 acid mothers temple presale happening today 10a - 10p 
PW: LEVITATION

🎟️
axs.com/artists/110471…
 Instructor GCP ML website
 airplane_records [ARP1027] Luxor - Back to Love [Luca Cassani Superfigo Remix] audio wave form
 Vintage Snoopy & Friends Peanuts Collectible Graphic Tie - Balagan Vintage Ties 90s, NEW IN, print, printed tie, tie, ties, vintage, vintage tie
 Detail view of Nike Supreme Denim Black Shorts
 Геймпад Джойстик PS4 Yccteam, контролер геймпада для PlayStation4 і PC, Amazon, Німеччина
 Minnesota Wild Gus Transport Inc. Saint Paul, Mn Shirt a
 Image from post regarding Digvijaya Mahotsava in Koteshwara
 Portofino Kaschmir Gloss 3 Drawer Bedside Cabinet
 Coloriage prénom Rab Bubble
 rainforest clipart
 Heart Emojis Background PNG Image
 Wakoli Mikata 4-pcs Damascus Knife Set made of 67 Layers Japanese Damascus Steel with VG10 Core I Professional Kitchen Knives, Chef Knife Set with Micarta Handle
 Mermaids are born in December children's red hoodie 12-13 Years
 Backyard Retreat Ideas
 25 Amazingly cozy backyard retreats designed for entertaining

───

[DIRECTIONS] Which lines of the entries above contain the string "Image"? Copy each one.

[SOLUTION]
 Image from post regarding Digvijaya Mahotsava in Koteshwara
 Heart Emojis Background PNG Image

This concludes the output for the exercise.